The prompt did not specify to produce values with different endings. As with previous simulations, the model prefers values ending in 0.
all_sim_data <- all_sim_data %>%
mutate(ending_digit = stringr::str_extract(all_sim_data$reaction_time, "\\d$")) %>%
mutate(ending_digit = as.numeric(ending_digit))
ggplot(all_sim_data, aes(x=ending_digit))+
geom_histogram(binwidth=1, color="white")+
scale_x_continuous(breaks=seq(0,9,1))+
theme_classic(base_size = 10)+
xlab("Simulated RT Ones Digit")
# report accuracy data
accuracy_data_subject <- all_sim_data %>%
mutate(compatible = case_when(stimulus == "red" & location == "right" ~ "compatible",
stimulus == "red" & location == "left" ~ "incompatible",
stimulus == "green" & location == "right" ~ "incompatible",
stimulus == "green" & location == "left" ~ "compatible")
)%>%
mutate(accuracy = case_when(stimulus == "red" & response == "right" ~ TRUE,
stimulus == "red" & response != "right" ~ FALSE,
stimulus == "green" & response == "left" ~ TRUE,
stimulus == "green" & response != "left" ~ FALSE
)
) %>%
group_by(compatible,sim_subject) %>%
summarize(proportion_correct = mean(accuracy), .groups = "drop")
ggplot(accuracy_data_subject, aes(x = compatible,
y = proportion_correct))+
geom_violin()+
stat_summary(fun = "mean",
geom = "crossbar",
color = "red")+
geom_point()+
theme_classic(base_size=15)+
ylab("Simulated Proportion Correct")+
xlab("Compatibility")
There was a clear Simon effect in the accuracy data.
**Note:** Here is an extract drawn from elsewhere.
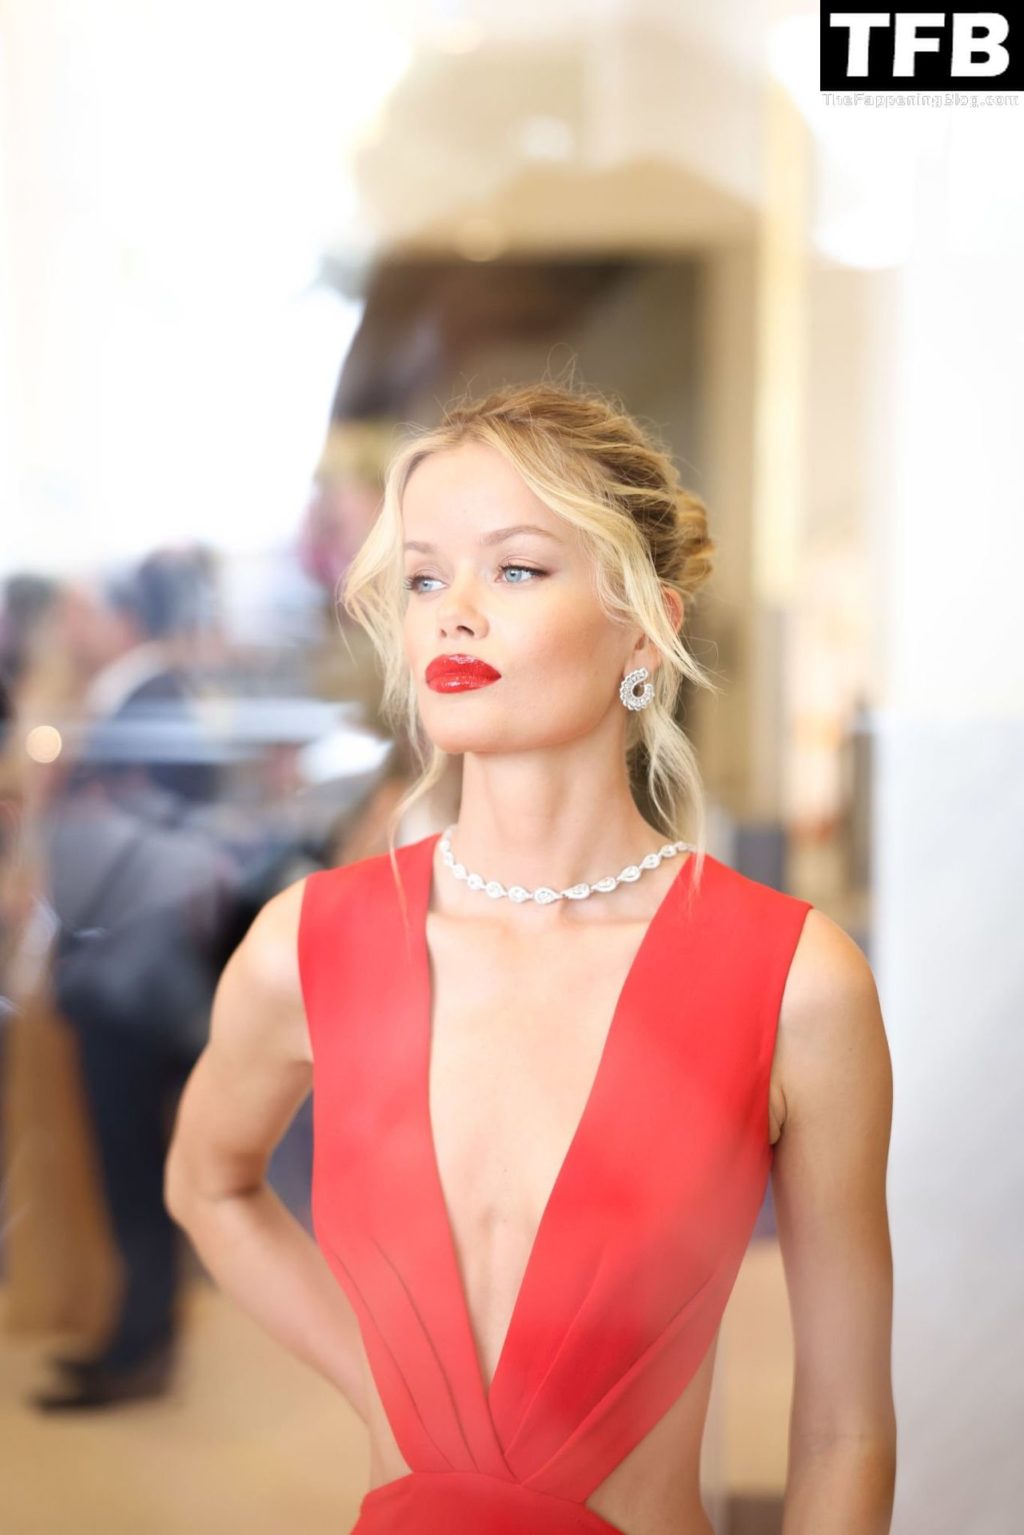 Frida Aasen Sexy The Fappening Blog 107 1024x1535 - Frida Aasen Looks Stunning in a Red Dress at the 75th Annual Cannes Film Festival (153 Photos)

There were several simulated subjects who had no correct trials in one of the two conditions, so reaction time data wasn’t analyzed further.
The model in some sense fell prey to the Simon effect, as it performed terribly on incompatible trials. On the one hand it had no problem issuing responses, but the data did not resemble typical ranges of reaction times in this task. Perhaps the GPT simulation would improve with variations on the prompt structure.